Copy the lines below, please, starting with the one that contains "Dolce & Gabbana" and ending with the last. Pictures stay out.

Information supplied:
........

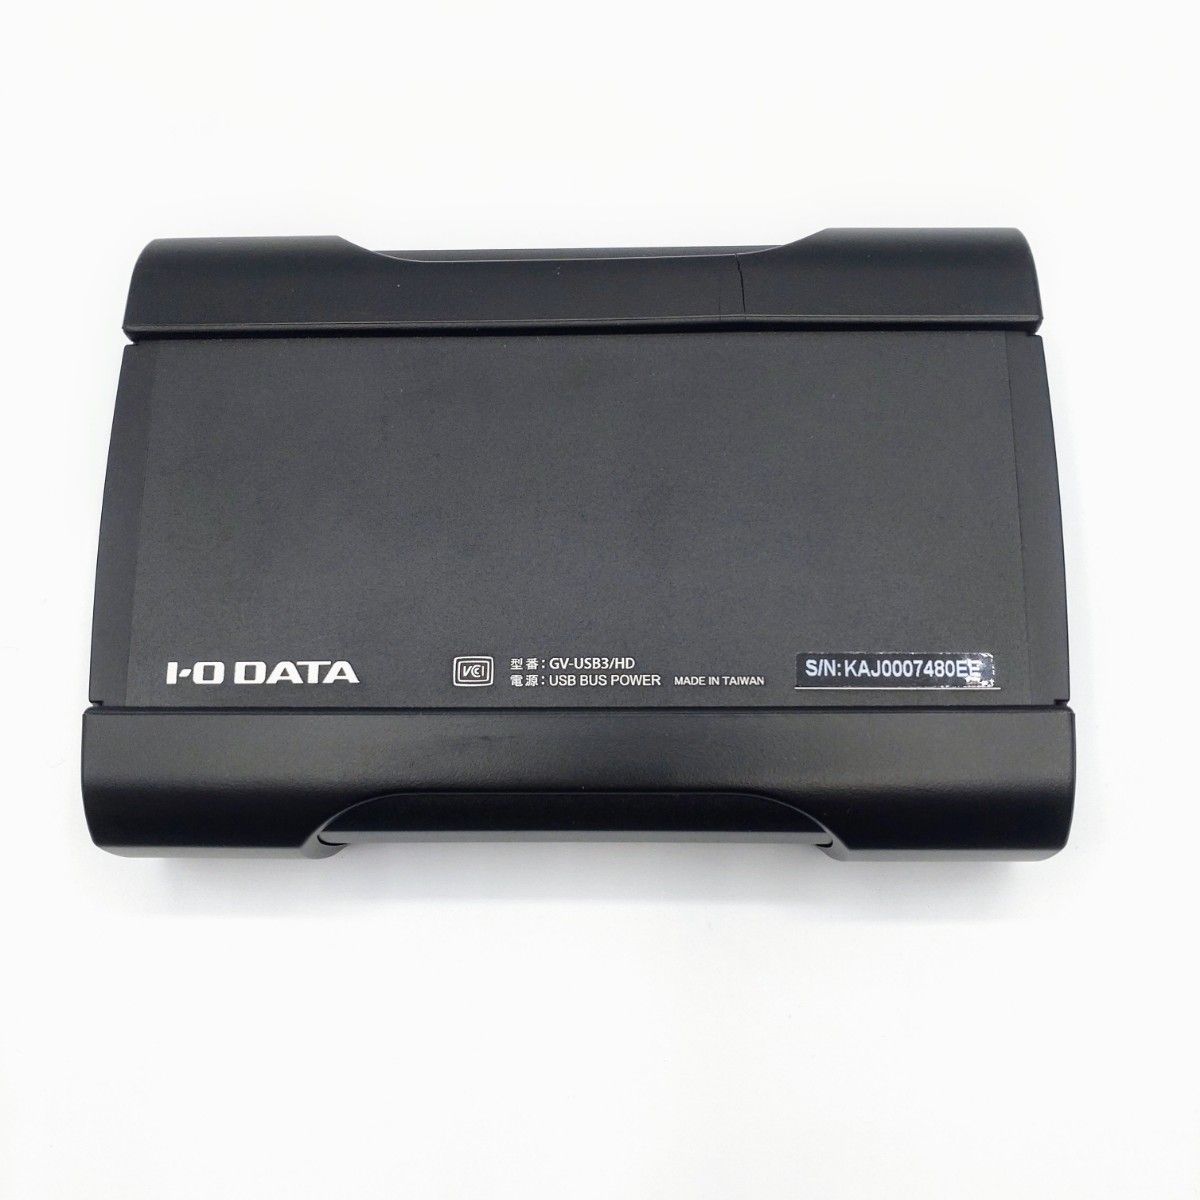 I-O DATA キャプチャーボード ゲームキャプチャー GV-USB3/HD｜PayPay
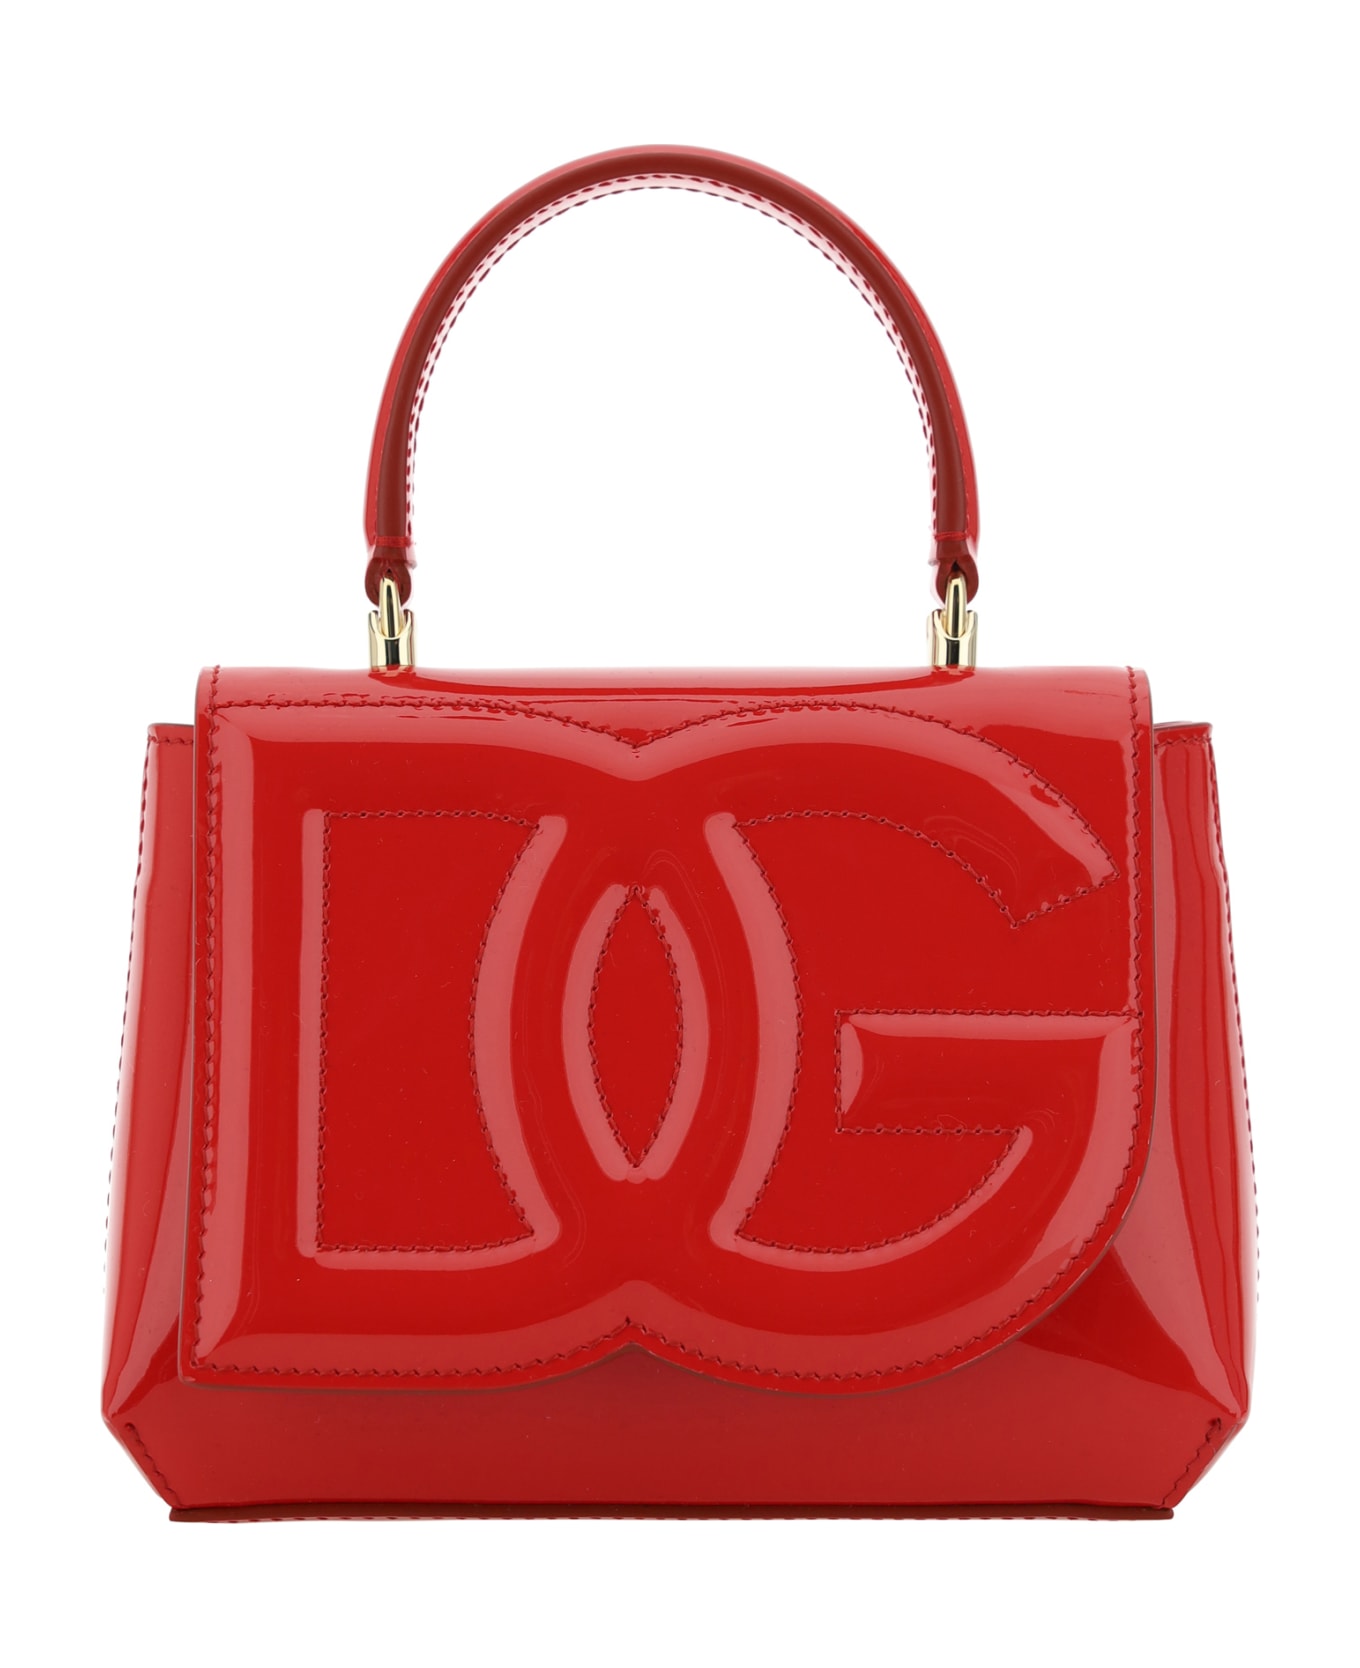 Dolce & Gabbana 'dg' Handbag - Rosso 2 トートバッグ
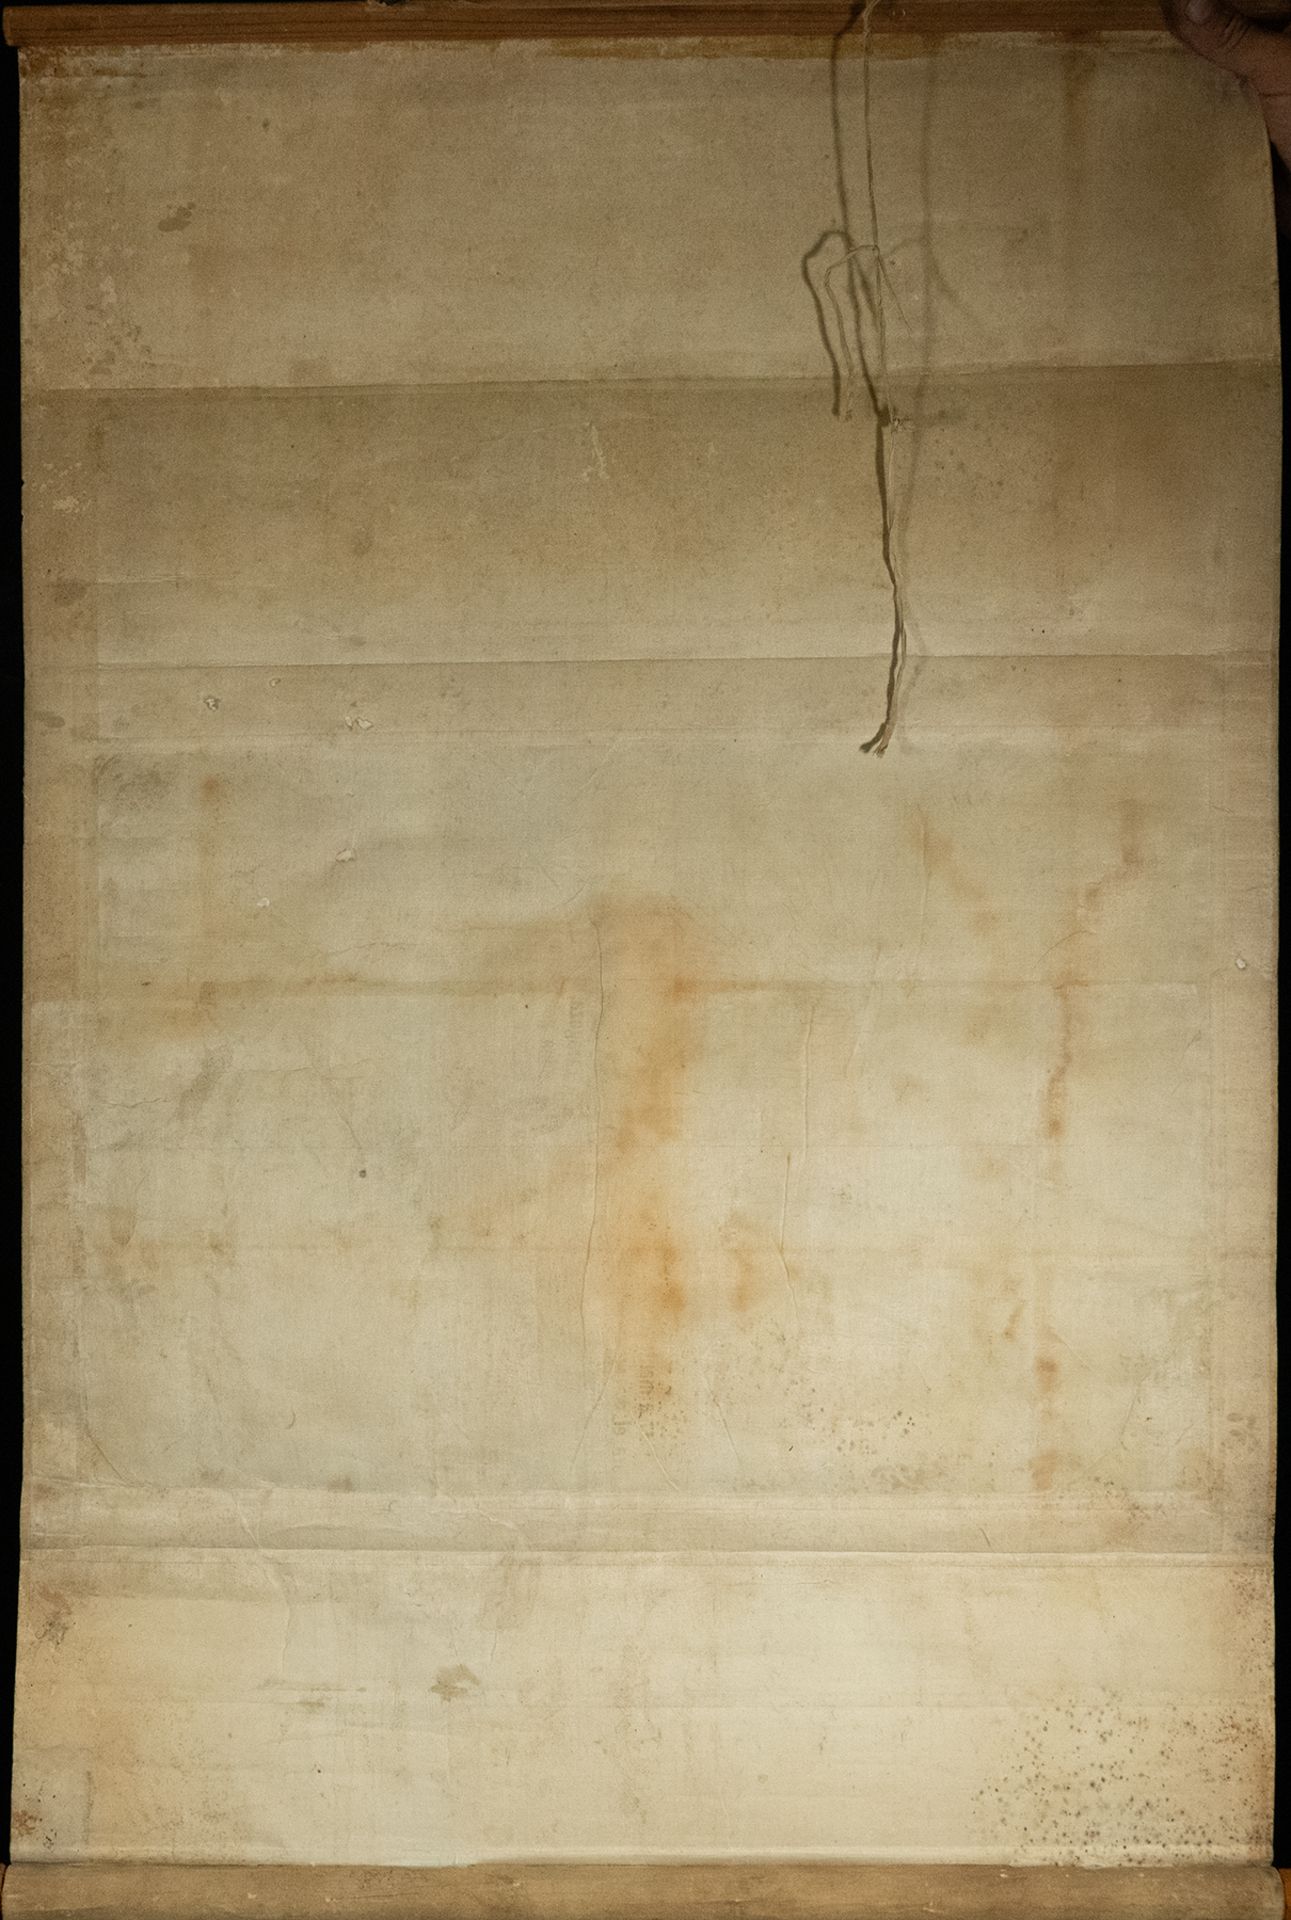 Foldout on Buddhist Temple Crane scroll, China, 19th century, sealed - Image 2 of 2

........

Exercise response:
 Dolce & Gabbana 'dg' Handbag - Rosso 2 トートバッグ
 Foldout on Buddhist Temple Crane scroll, China, 19th century, sealed - Image 2 of 2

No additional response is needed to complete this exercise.